The notion that a drug test can misidentify the presence of THC is terrifying, especially given the problems we continue to encounter (and write about) with regards to determining intoxication.
The studies that Conrad referred to in his testimony deal with those that are run through the gas-chromatography mass spectrometry machine (GC-MS). Not all tests that are run through this chemical analysis unit are the same. Certain substances must be combined with a chemical in a process called derivatization. Commonly, the tests are run with a chemical called trifluoracetic anhydride (TFAA). The 2012 journal article found that when the GC-MS used TFAA to run its tests, it was unable to distinguish between CBD and THC, resulting in a report with the presence of THC.

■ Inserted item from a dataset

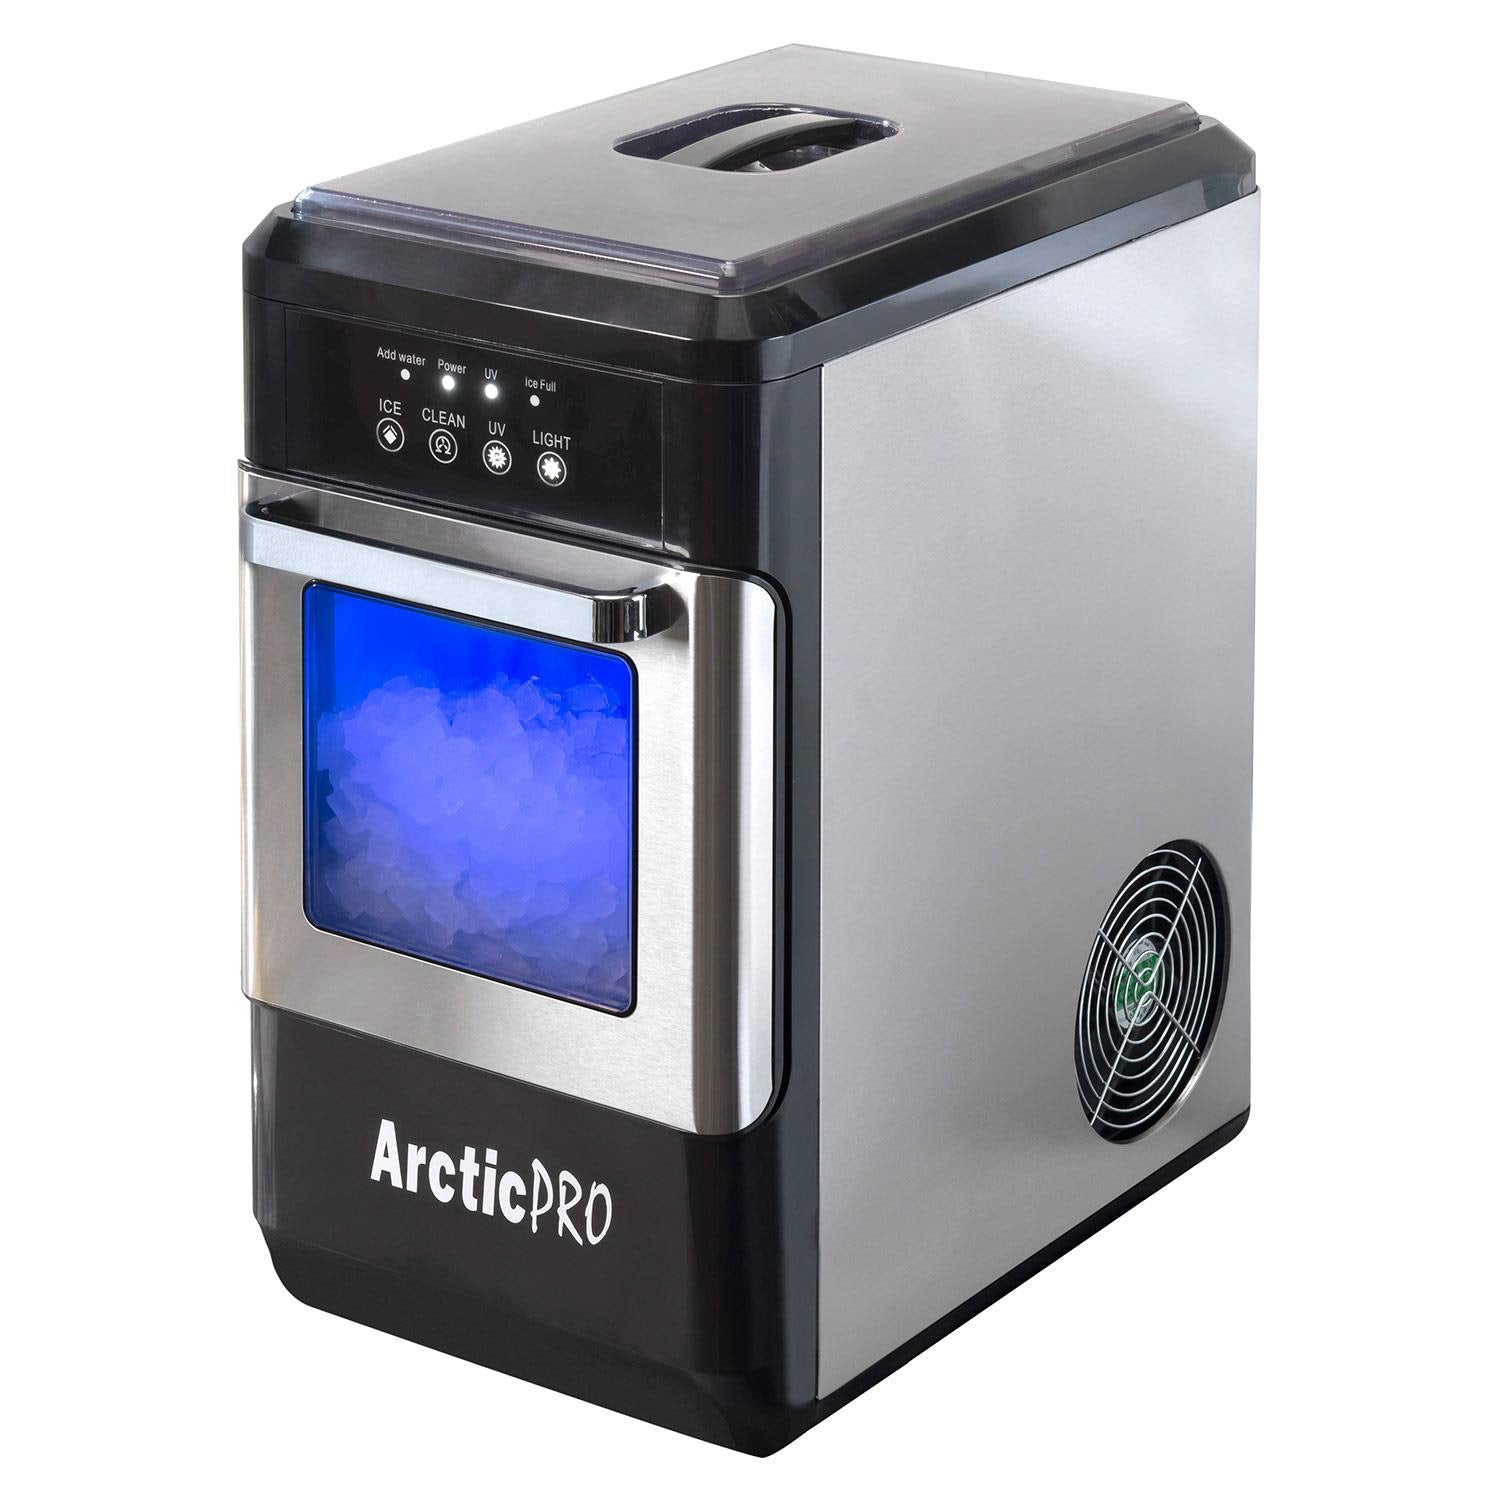 Arctic-Pro Ice Pellet Portable Ice Maker with UV Light and Ice Draw, Black-Stainless Steel
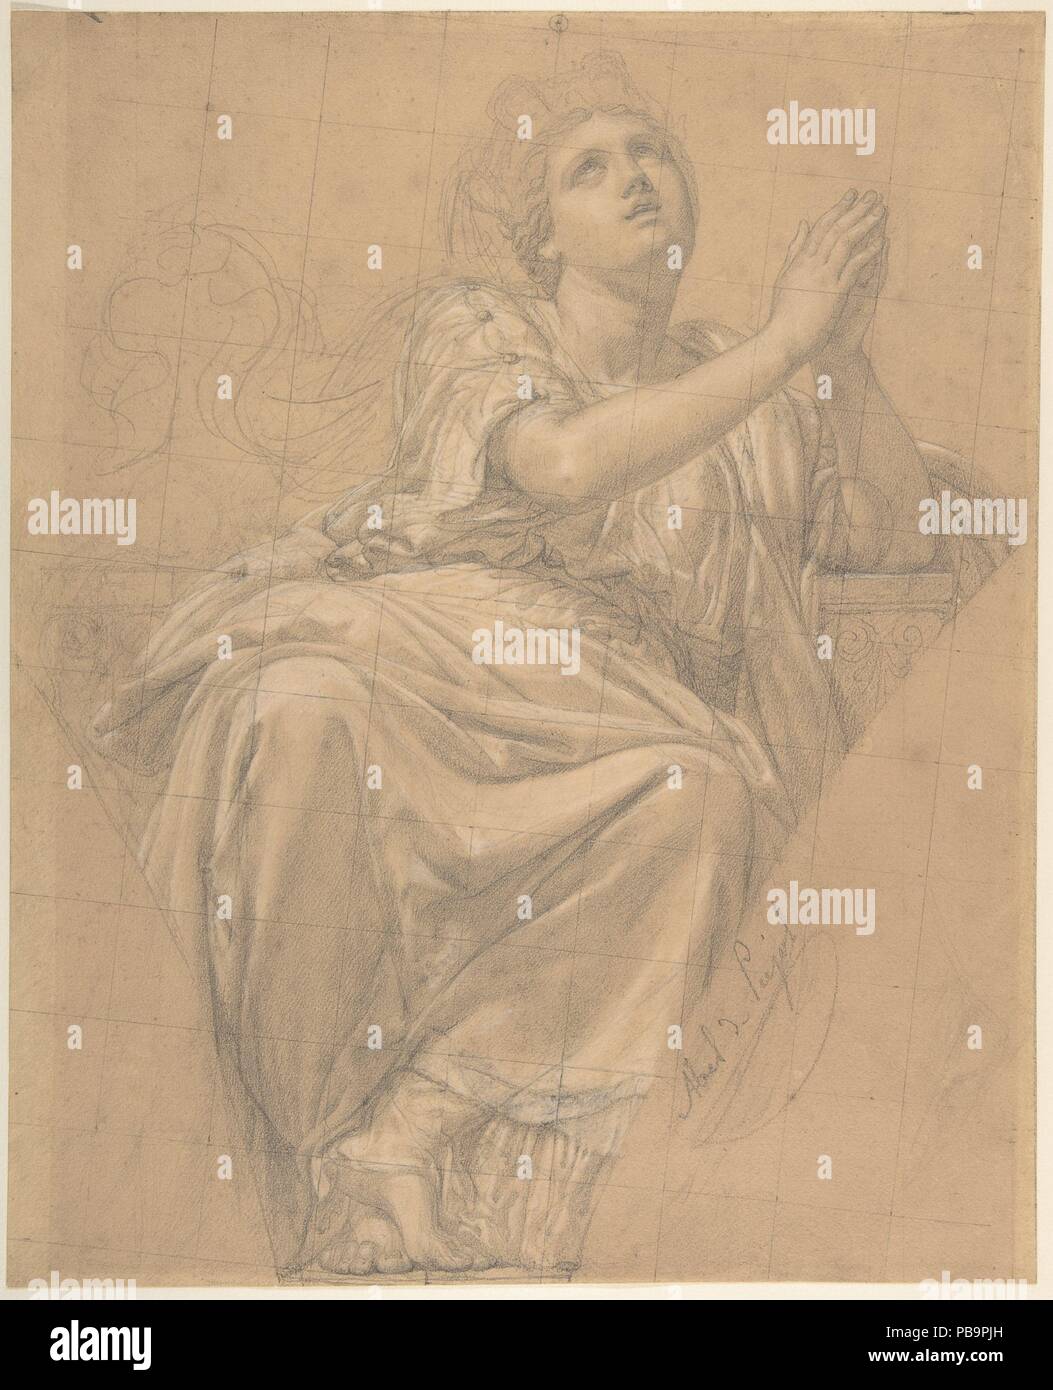 Allegorical Figure of the City of Piacenza, for a Pendentive in the Chapel of Saint-Roch, Church of Saint-Sulpice, Paris (recto); Studies for the Same Figure (verso). Artist: Alexandre Denis Abel de Pujol (French, Valenciennes 1785-1861 Paris). Dimensions: Sheet: 11 13/16 x 9 1/2 in. (30 x 24.2cm). Date: 1821.  The compositional shape of this preparatory drawing reflects the destination of the finished work: a pendentive--the triangular section of vaulting where a dome connects to supporting arches below--in a chapel devoted to Saint Roch in the Church of Saint-Sulpice in Paris. As an allegory Stock Photo

Not all tests are derivatized with TFAA, but it is the most common derivatizing agent. Now, many labs have upgraded their testing to the use of high-performance liquid chromatography, which is less likely to make the distinguishing error between CBD and THC, but there are still many that rely on GC-MS technology.
As if there wasn’t enough to worry about in the way of law enforcement and prosecution getting the “damning” information correct.